The pathogenesis of central nervous system lymphoma
Time:2009-11-05 13:49 Author:admin Hits:
The central nervous system, non-lymphatic circulation and lymph nodes, there are three causes of lymphoma, an early theory that the lymphoma originated in the leptomeningeal blood vessel cells, the membrane-week post-invasion and extended into the adjacent brain tissue around the perforator vascular space, violating the deep structure of the hemisphere . The second doctrine, lymphoma, non-tumor reactive lymphocytes in the central nervous system caused by clustering. The lymphatic system due to the lack of brain tissue mononuclear inflammatory cells were relatively low, the immune function of brain tissue is relatively weak, in chronic antigen stimulation of the immune system in the form of polyclonal anti-antigen should be further stimulated lymphocyte proliferation may occur the formation of specific gene mutations and develop into a monoclonal proliferation of malignant lymphoma of the third doctrine, other than the lymph nodes or lymph node B lymphocytes develop into tumors, tumor cells with the blood circulation to migrate, because of their cell surface markers to bring the central nervous system-specific adsorption things, so that only gathered in the central nervous system, while the true primary site is unclear, this theory can explain the multiple intracranial lymphoma.
Pathogenesis:
Lymphoma can occur in any part of the central nervous system, but most occurred in the screen, the approximately 50% of the lymphoma occurred in the cerebral hemisphere, posterior fossa accounted for 10% to 30% supratentorial, 18% involved simultaneously, lesions occur in the basal ganglia, corpus callosum, periventricular white matter and cerebellar vermis, soft meninges, choroid plexus, and septum pellucidum also often involved. Brain lymphoma, for focal lesions, or diffuse infiltrative growth of tumor no envelope. Focal placeholder can be multiple, often located near ventricles, for physical diseases, ill-defined texture can be soft around the obvious edema can be hard, blood supply is rich in white or purple. Very little bleeding and cystic necrosis. The general concept of diffuse tumor growth may be normal, may have expanded subarachnoid space, resulting in the thickening was gray, it belongs to B-cell lymphoma, small cell and large cell type were more common.
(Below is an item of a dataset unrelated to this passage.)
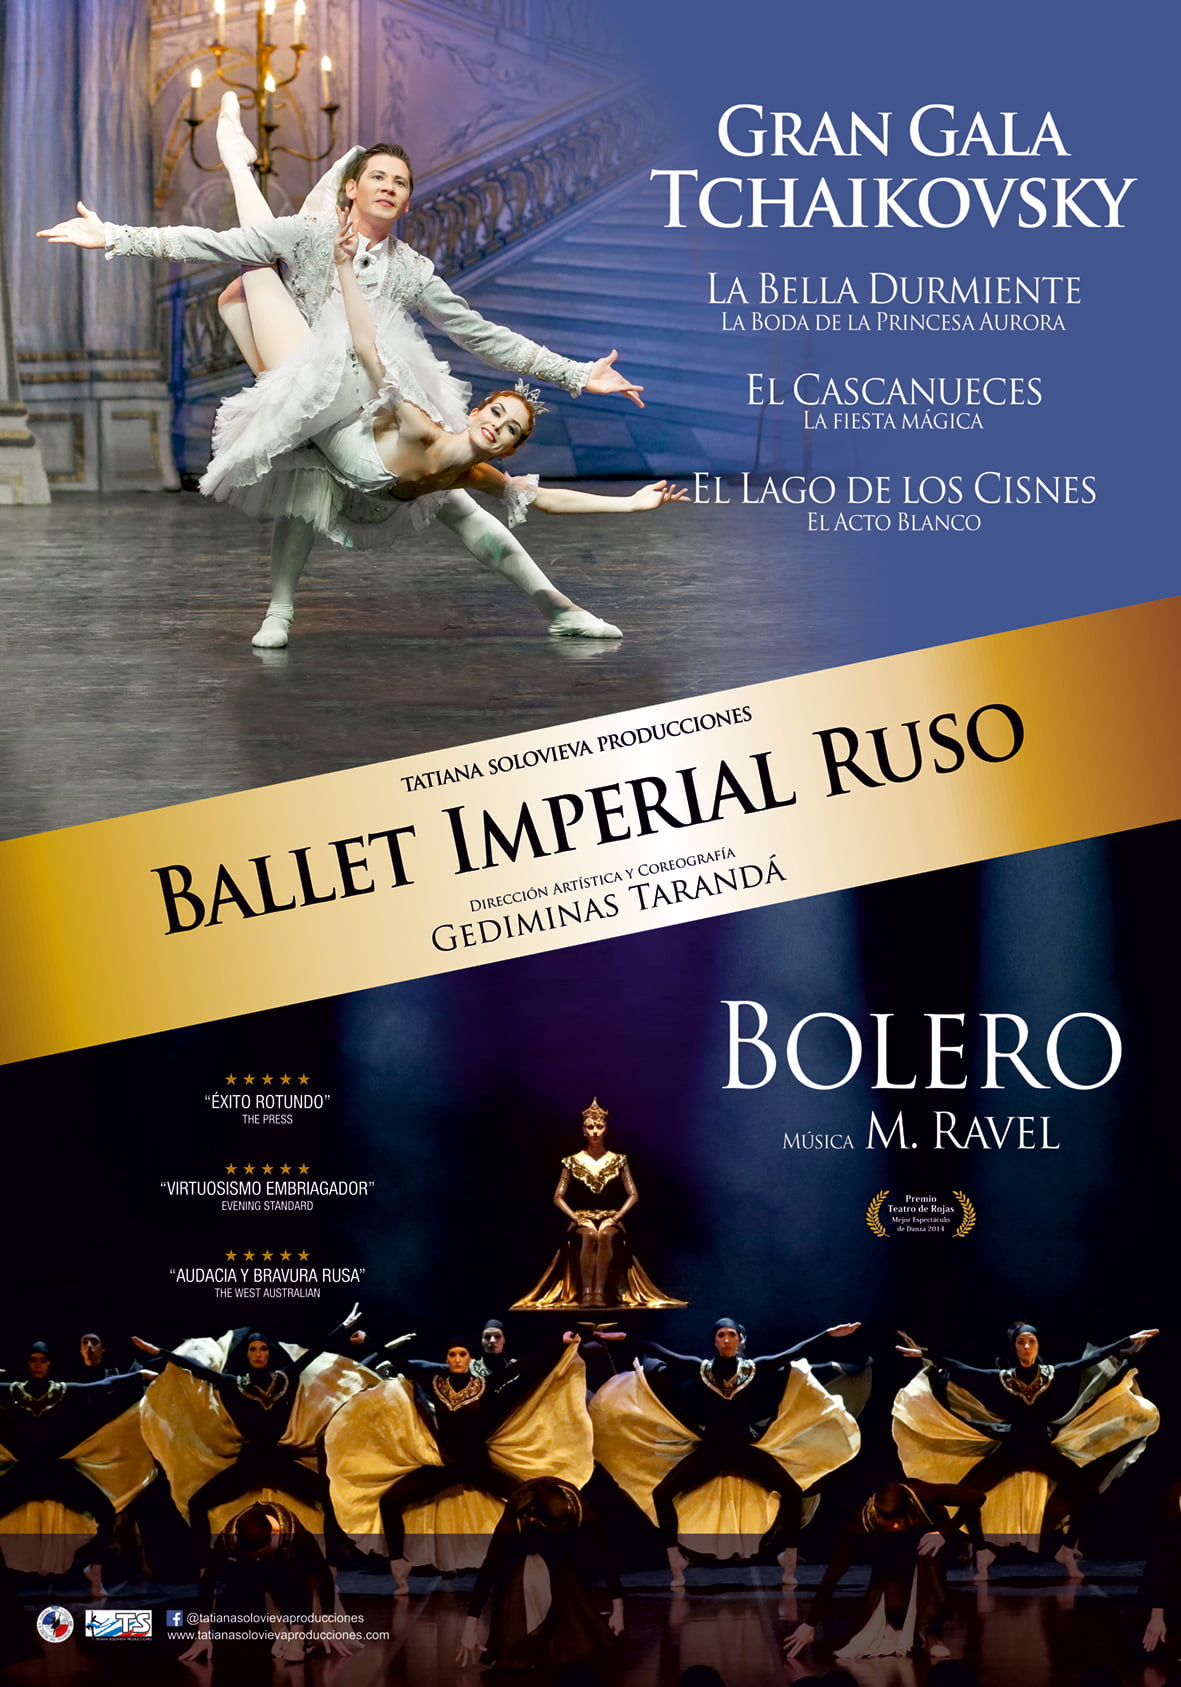 Isla Cristina acoge la Gran Gala del Ballet Imperial Ruso

Microscopy showed diffuse infiltration of tumor cells, far beyond the borders in general, cell density, little cytoplasm, Duocheng round or oval nuclei and clear, variable length or distortion, chromatin are many and scattered, more common phenomenon of nuclear fission, sometimes sleeve-like tumor cells were distributed along the blood vessels surrounding and sometimes can also be found within the brain tissue around the tumor-like lesions showed the distribution of nests of tumor cells, and even away from the tumor within the brain tissue can also be seen scattered or clustered distribution of tumor cells, which may constitute a multi-center, or tumor recurrence based on tumor blood supply abundant, mostly below the middle level of the small blood vessels. Leptomeningeal involvement occurs in the autopsy rate is about 12%.
Pathogenesis:
Lymphoma can occur in any part of the central nervous system, but most occurred in the screen, the approximately 50% of the lymphoma occurred in the cerebral hemisphere, posterior fossa accounted for 10% to 30% supratentorial, 18% involved simultaneously, lesions occur in the basal ganglia, corpus callosum, periventricular white matter and cerebellar vermis, soft meninges, choroid plexus, and septum pellucidum also often involved. Brain lymphoma, for focal lesions, or diffuse infiltrative growth of tumor no envelope. Focal placeholder can be multiple, often located near ventricles, for physical diseases, ill-defined texture can be soft around the obvious edema can be hard, blood supply is rich in white or purple. Very little bleeding and cystic necrosis. The general concept of diffuse tumor growth may be normal, may have expanded subarachnoid space, resulting in the thickening was gray, it belongs to B-cell lymphoma, small cell and large cell type were more common.
Microscopy showed diffuse infiltration of tumor cells, far beyond the borders in general, cell density, little cytoplasm, Duocheng round or oval nuclei and clear, variable length or distortion, chromatin are many and scattered, more common phenomenon of nuclear fission, sometimes sleeve-like tumor cells were distributed along the blood vessels surrounding and sometimes can also be found within the brain tissue around the tumor-like lesions showed the distribution of nests of tumor cells, and even away from the tumor within the brain tissue can also be seen scattered or clustered distribution of tumor cells, which may constitute a multi-center, or tumor recurrence based on tumor blood supply abundant, mostly below the middle level of the small blood vessels. Leptomeningeal involvement occurs in the autopsy rate is about 12%.